Intra- and inter-group comparison of HR, SBP, DBP, and MABP of the patients
Table 4 presents intragroup mean comparisons of HR, SBP, DBP, and MABP concerning the baseline values across the study groups. The etomidate group exhibited a significant difference in HR compared with the baseline at all the recorded time points (P≤0.001). Additionally, a significant variance was identified in SBP and DBP within the propofol group at all the observed time intervals in contrast to the baseline measurements (P<0.001). In terms of MABP, both the propofol and midazolam groups displayed significant discrepancies compared with the baseline at all the recorded time points (P≤0.001).
Table 4.
Intragroup mean comparisons of HR, SBP, DBP, and MABP with the baseline across the study groups
| Variable | Time (mean difference ± SD) | |||||
|---|---|---|---|---|---|---|
|
|
|
|
|
|
|
|
| Intubation | P | After 1 min | P | After 5 min | P | |
| HR (bpm) | ||||||
| Propofol | 7.89±11.90 | 0.001 | 8.18±12.38 | 0.001 | 10.59±13.90 | <0.001 |
| Etomidate | 12.81±9.88 | <0.001 | 9.68±11.67 | <0.001 | 16.49±14.09 | <0.001 |
| Midazolam | 9.10±11.52 | <0.001 | 4.22±18.10 | 0.209 | 11.49±16.09 | 0.001 |
| SBP (mm Hg) | ||||||
| Propofol | 42.89±34.30 | <0.001 | 48.67±37.70 | <0.001 | 44.29±36.48 | <0.001 |
| Etomidate | 29.81±23.22 | <0.001 | 15.31±26.71 | 0.004 | 21.71±28.67 | 0.517 |
| Midazolam | 39.61±30.52 | <0.001 | 27.90±33.81 | <0.001 | 47.02±33.29 | <0.001 |
| DBP (mm Hg) | ||||||
| Propofol | 13.31±16.00 | <0.001 | 15.00±15.11 | <0.001 | 14.41±14.29 | <0.001 |
| Etomidate | 9.01±9.21 | <0.001 | −1.13±14.50 | 0.672 | 0.66±14.31 | 0.801 |
| Midazolam | 10.81±15.28 | <0.001 | 2.21±18.63 | 0.517 | 13.39±14.88 | <0.001 |
| MABP (mm Hg) | ||||||
| Propofol | 26.67±20.51 | <0.001 | 29.90±20.29 | <0.001 | 26.51±20.89 | <0.001 |
| Etomidate | 16.00±16.41 | <0.001 | 3.28±21.10 | 0.394 | 9.67±19.49 | 0.001 |
| Midazolam | 24.29±18.67 | <0.001 | 15.22±23.22 | 0.001 | 27.67±19.89 | <0.001 |
The P value was calculated using the paired t test compared with the baseline time.
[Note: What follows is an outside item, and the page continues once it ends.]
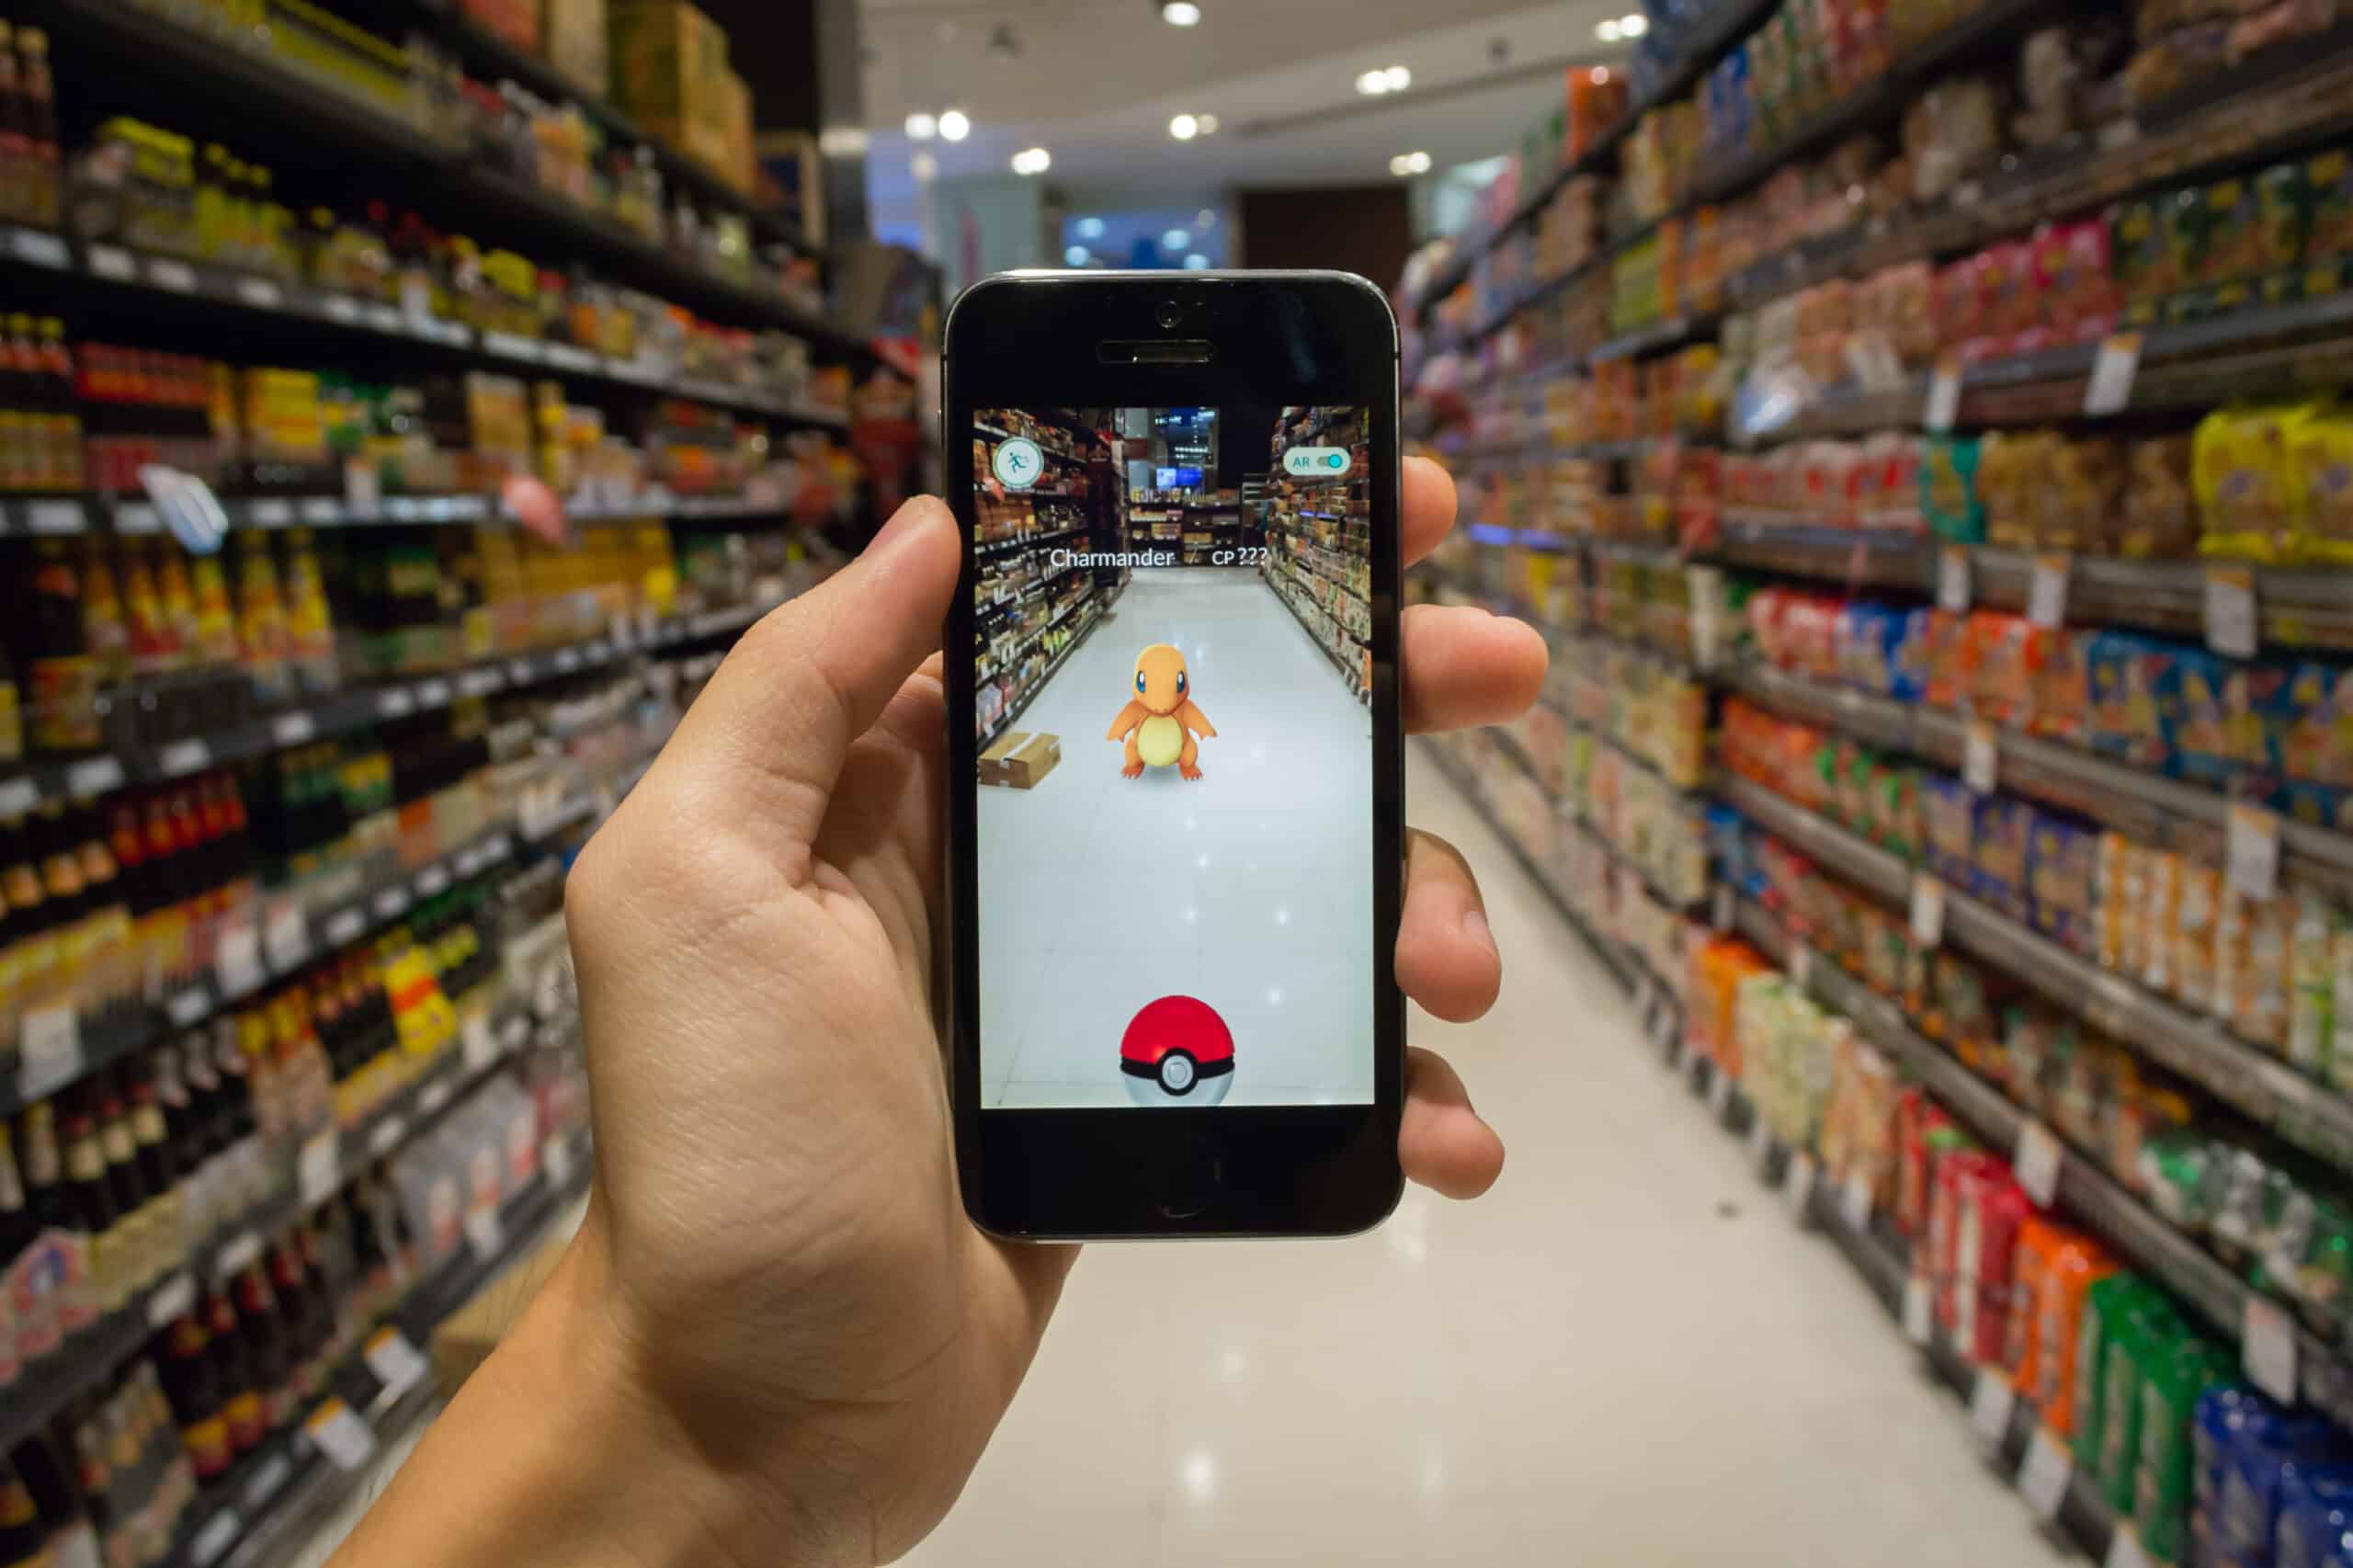 As traditional forms of advertising start to lose their power over consumers, brands are increasingly turning to innovative approaches like gamification.

SBP, Systolic blood pressure; DBP, Diastolic blood pressure; HR, Heart rate; MABP, Mean arterial blood pressure
Discussion
Maintaining hemodynamic stability in patients undergoing CABG during anesthesia and the surgical procedure is of paramount importance. Each anesthetic agent elicits specific hemodynamic changes, necessitating the selection of an anesthetic regimen that optimally maintains the patient’s physiological equilibrium.5 The findings of this study indicate that, overall, the least extent of hemodynamic changes occurred in the etomidate group, followed by the midazolam group, while the propofol group displayed more substantial hemodynamic fluctuations and required greater vasopressor use. This is consistent with prior research, such as the study conducted by Kaushal et al19 (2015), demonstrating that etomidate provided more stable hemodynamic parameters than propofol in patients undergoing CABG and mitral valvuloplasty.
Aggarwal et al12 (2015), comparing propofol and etomidate in patients undergoing general anesthesia, observed that the etomidate group exhibited minor changes in MABP and HR compared with the baseline, in contrast to the propofol group. Similarly, a clinical trial by Masoudifar et al20 (2013), evaluating cardiovascular responses to laryngoscopy and intubation following induction with propofol and etomidate, found that propofol induced greater variations in SBP, DBP, and MABP, though no differences were noted in HR and oxygen saturation. This finding led to the conclusion that etomidate offered superior hemodynamic stability compared with propofol.
Although the significance of hemodynamic changes resulting from administered drugs may vary in different studies, the aforementioned studies align with the findings of the current research regarding etomidate and propofol groups.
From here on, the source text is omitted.